Question

Solve the expression $5 - 4x(1 + 3x)$
$A)(1 + 2x)(5 + 6x)$
$B)(1 - 2x)(5 + 6x)$
$C)(1 - 2x)(5 - 6x)$
$D)(1 + 2x)(5 - 6x)$

Answer 1

Hint: Here we are asked to solve the given quadratic equation. Since it is an equation of order two it will have two roots.

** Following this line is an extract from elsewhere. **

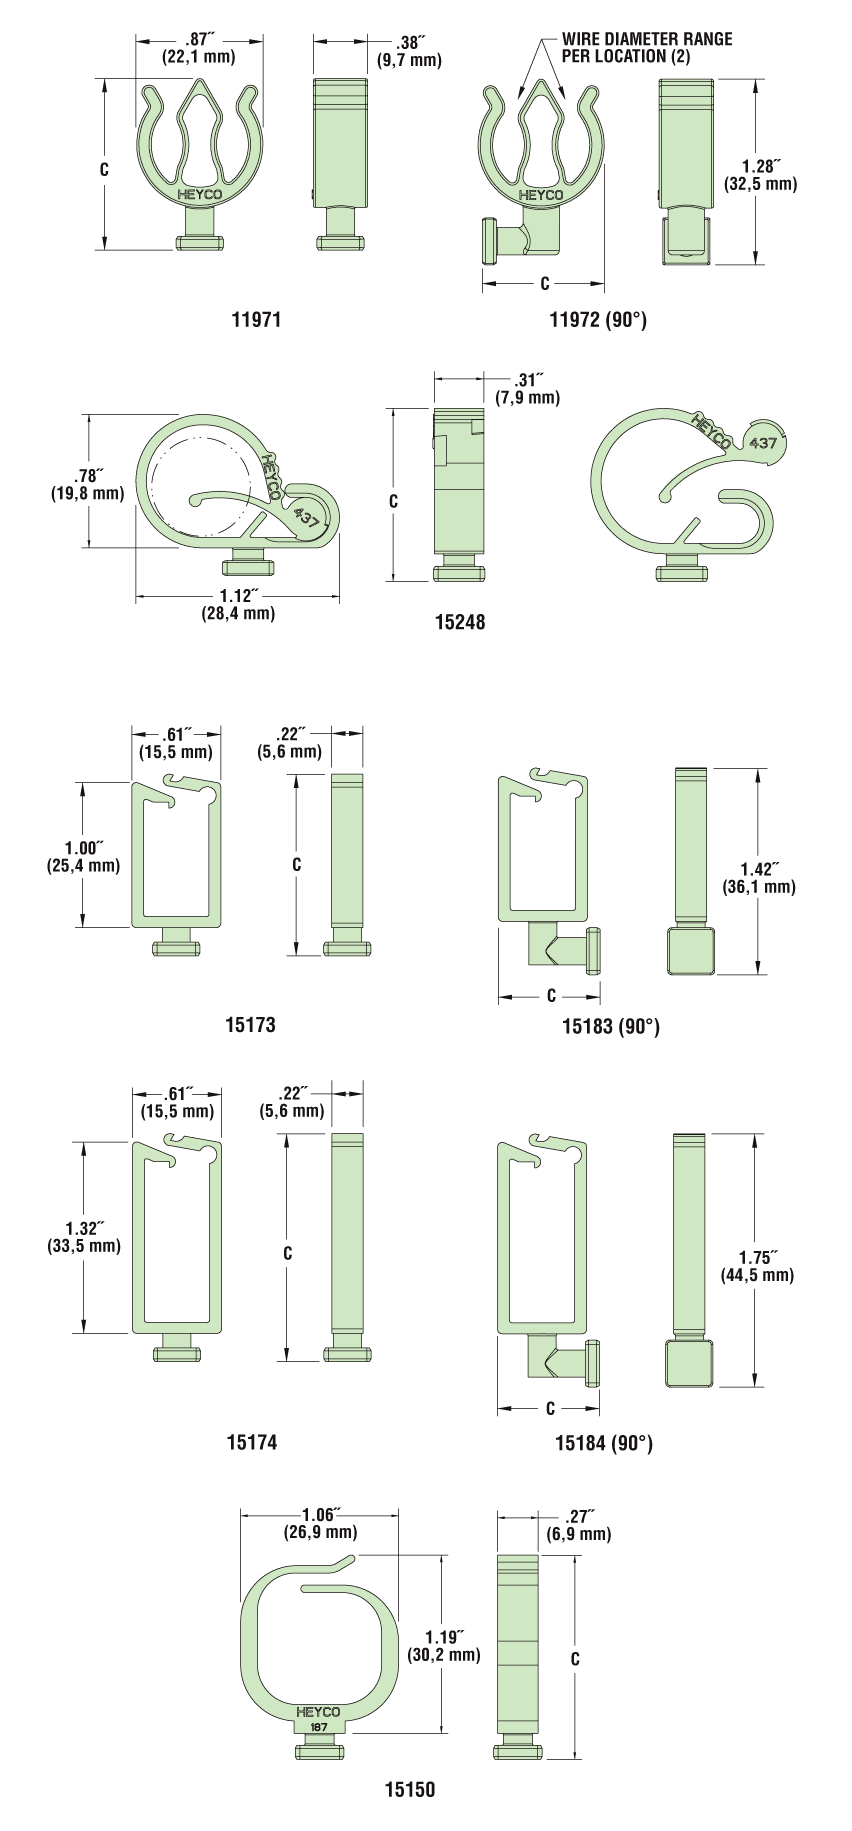 Heyco® Modular Wire Routing Devices Diagram
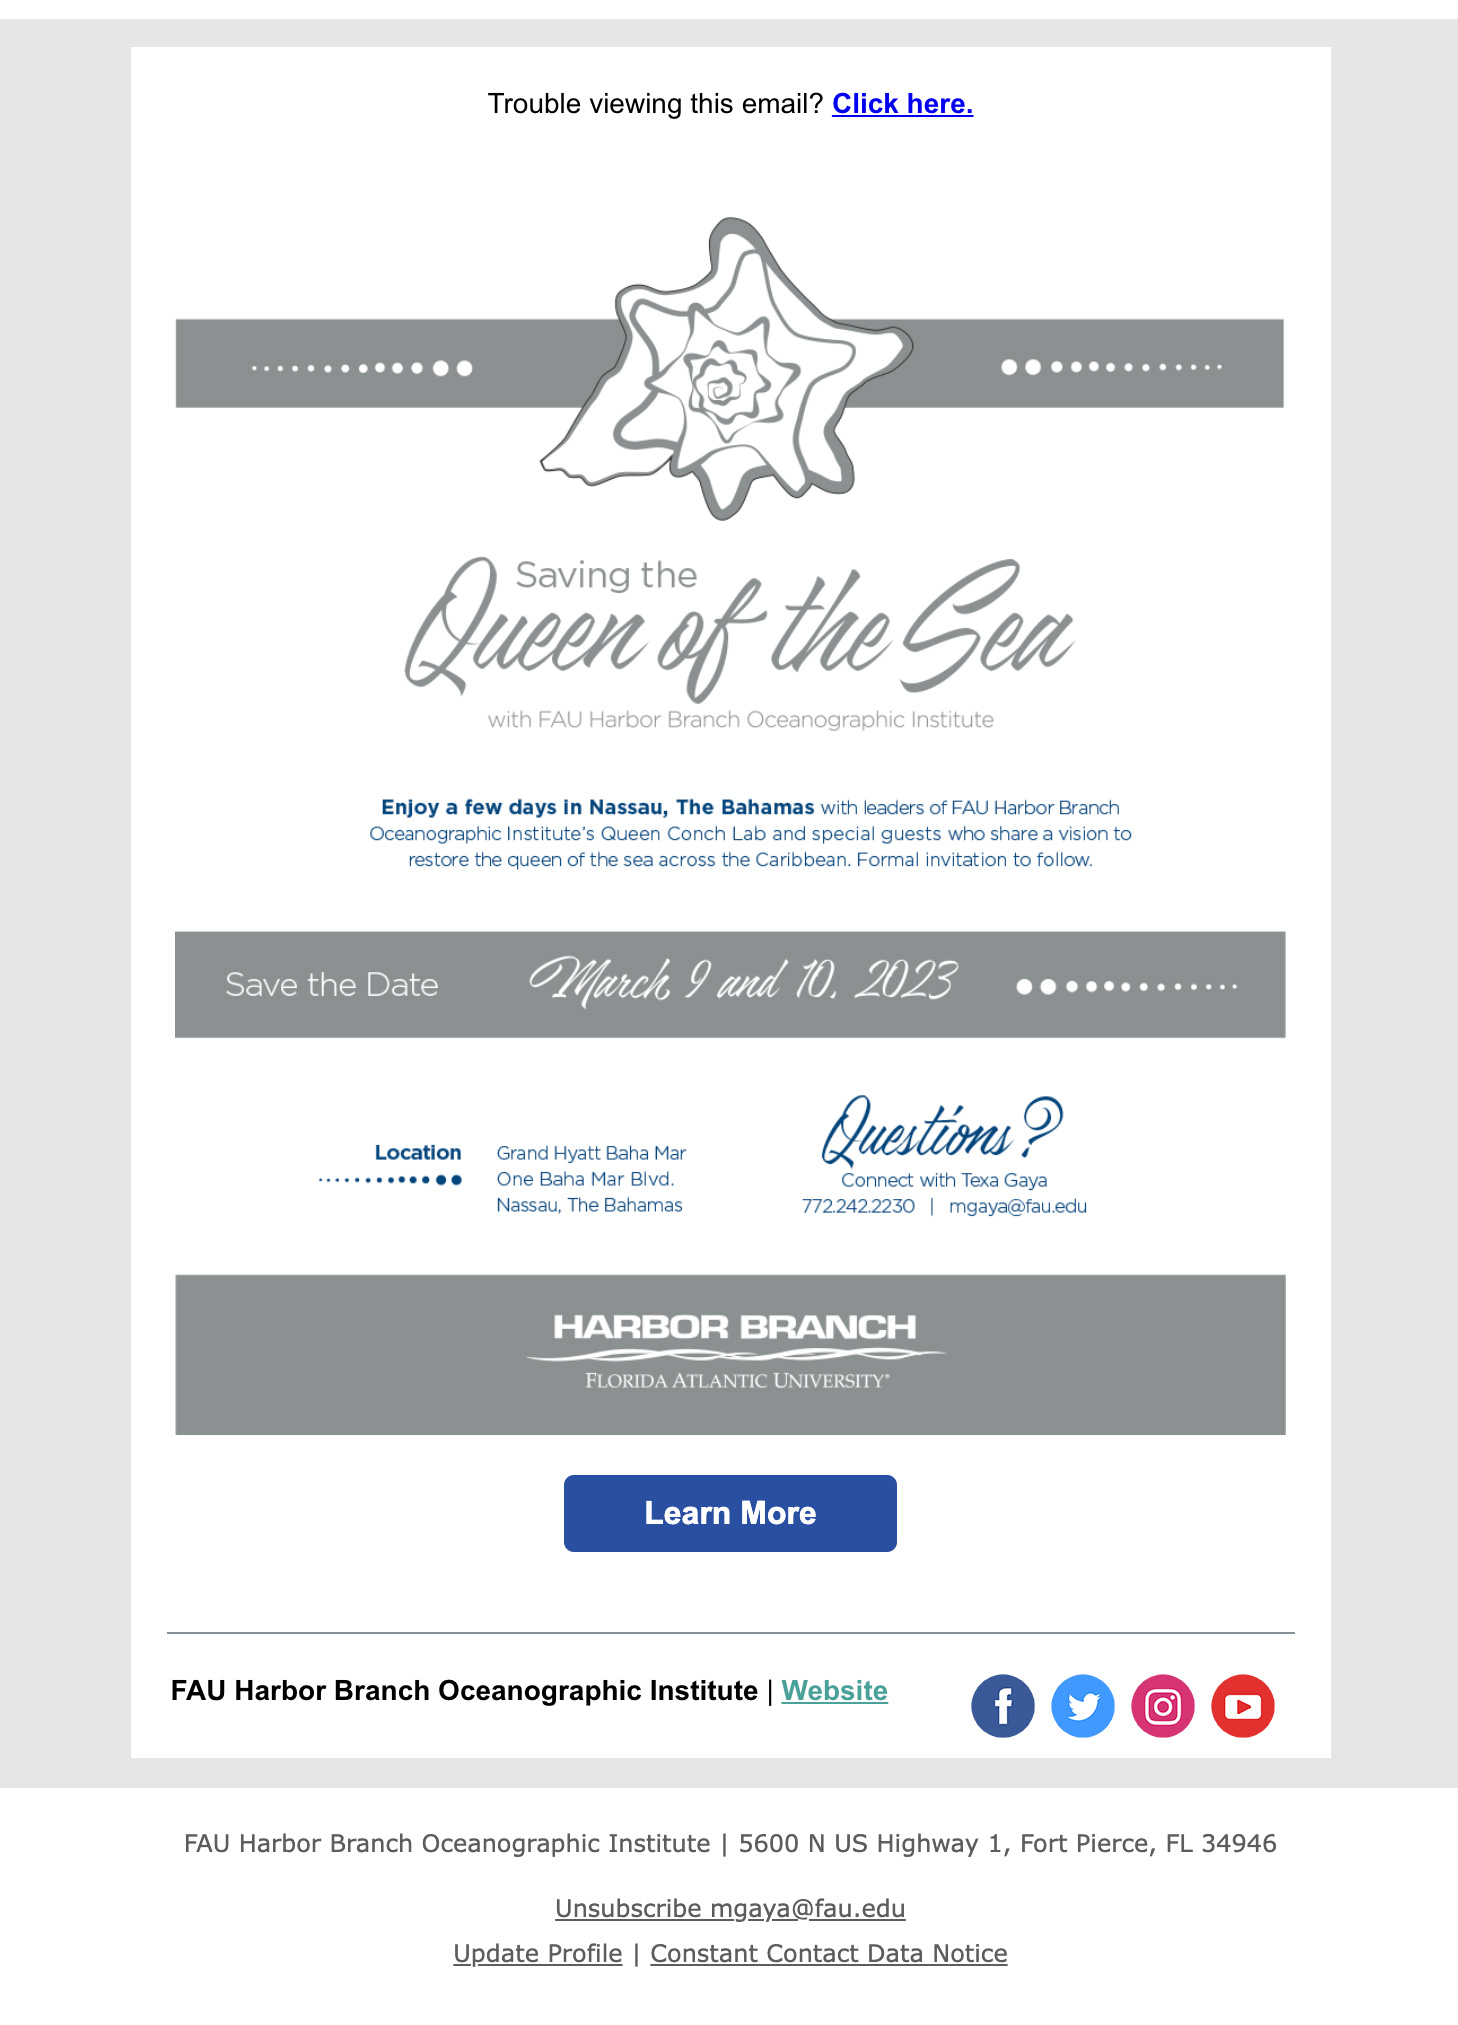 Queen of the Sea email

The roots of a quadratic equation can be found by using the formula.
The word quadratic means second-degree values of the given variables.
Then by further simplifying, the quadratic equation $a{x^2} + bx + c = 0$ can be written in the form of $(x - \alpha )(x - \beta ) = 0$.
In this equation, the factors of the quadratic equation are $(x - \alpha )$ and $(x - \beta )$.
So, to determine the roots of the equation, these factors of the equation will be made equal to $0$.
That is,
$(x - \alpha ) = 0$ $(x - \beta ) = 0$
Which gives,
$x = \alpha $ $x = \beta $
So, $\alpha $ and $\beta $ are the roots of the quadratic equation.

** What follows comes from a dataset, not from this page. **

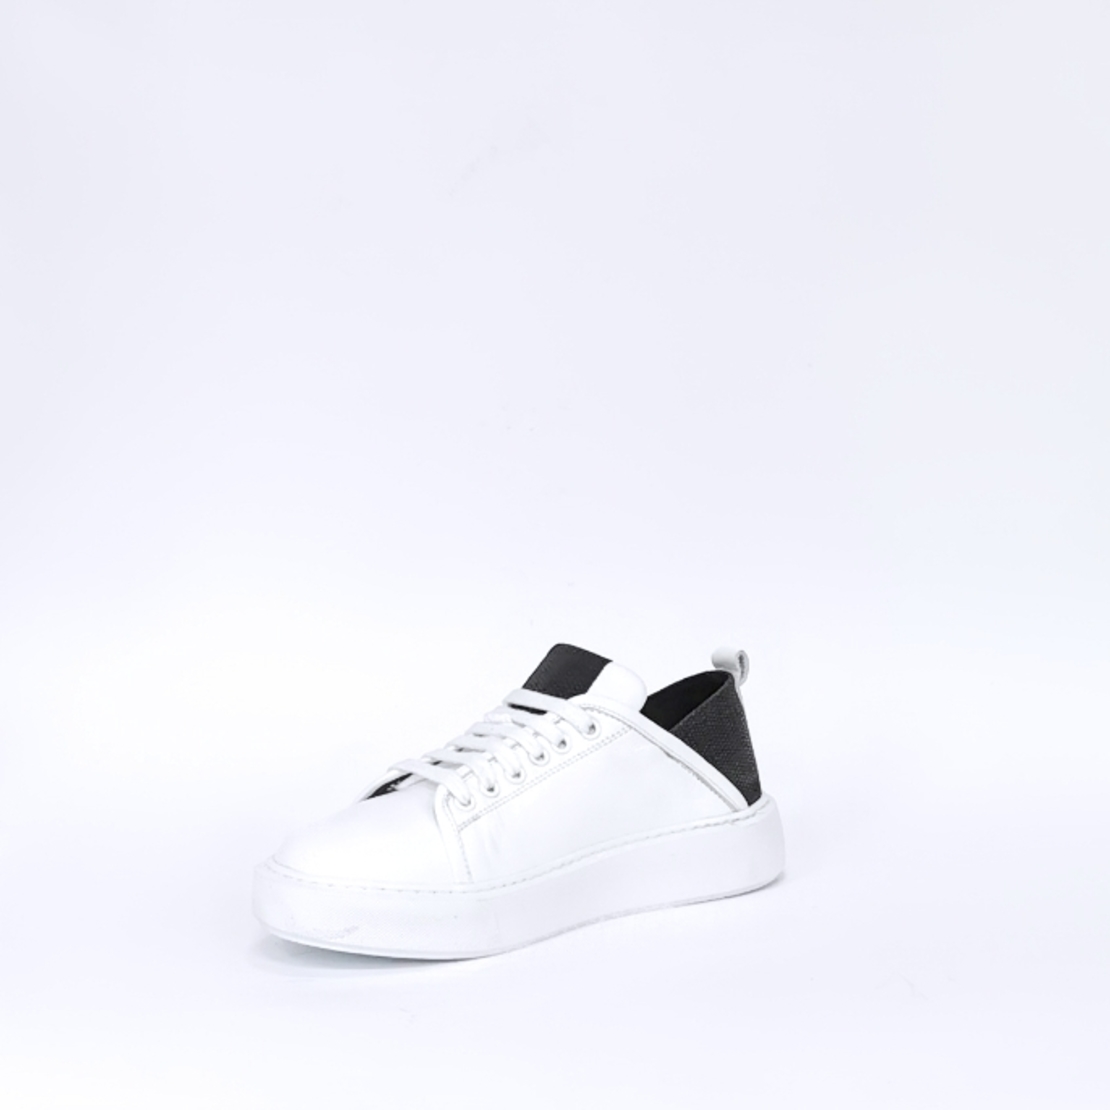 Women's sneaker made of natural leather in white color with anatomical insole/72100

Complete step-by-step solution:
Since given that $5 - 4x(1 + 3x)$ and by the multiplication operation we get $5 - 4x(1 + 3x) = 5 - 4x - 12{x^2}$
Since given that $ - 12{x^2} - 4x + 5 = 0$. Now convert the value $ - 4x = 6x - 10x$ then we get $ - 12{x^2} + 6x - 10x + 5 = 0$
Now taking the common values out then we have
$ - 12{x^2} + 6x - 10x + 5 = 0 $
$\Rightarrow 6x( - 2x + 1) + 5( - 2x + 1) = 0$
Then by further simplifying, the quadratic equation $a{x^2} + bx + c = 0$ can be written in the form of $(x - \alpha )(x - \beta ) = 0$. Hence, we get
$6x( - 2x + 1) + 5( - 2x + 1) = 0 $
$\Rightarrow (1 - 2x)(6x + 5) = 0$
Therefore $5 - 4x(1 + 3x)$ can be simplified into $(1 - 2x)(6x + 5) = 0$
Thus, the option $B)(1 - 2x)(5 + 6x)$ is correct.

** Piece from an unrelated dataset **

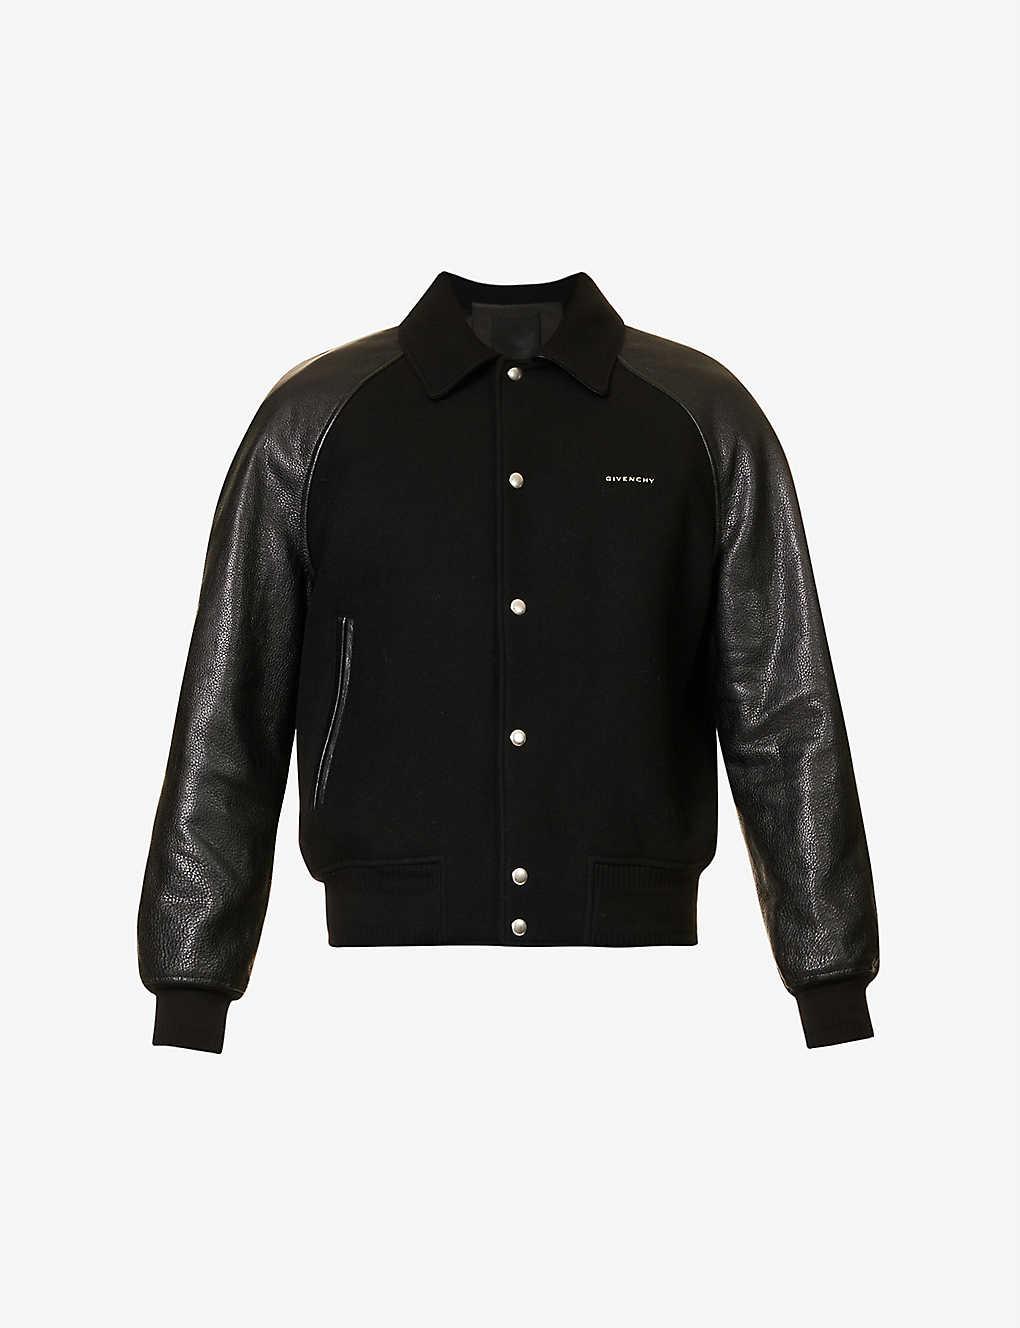 Givenchy Logo-plaque Spread-collar Leather Jacket in Black for Men | Lyst

Note: The quadratic equation $a{x^2} + bx + c = 0$ can be factored in the form of $(x - \alpha )(x - \beta ) = 0$ where $(x - \alpha )$ and $(x - \beta )$ are the factors of the quadratic equation so $\alpha $ and $\beta $ are the roots of the quadratic equation and the values of $a$ cannot be $0$.
If the value of $a$ is $0$, then the quadratic equation will become a binomial equation.
Using the multiplication operation we found the values $5 - 4x(1 + 3x) = 5 - 4x - 12{x^2}$
We are also able to make use of the formula of the quadratic equation. Let \[a{x^2} + bx + c = 0\] be a quadratic equation then the roots of this equation are given by \[\dfrac{{ - b \pm \sqrt {{b^2} - 4ac} }}{{2a}}\].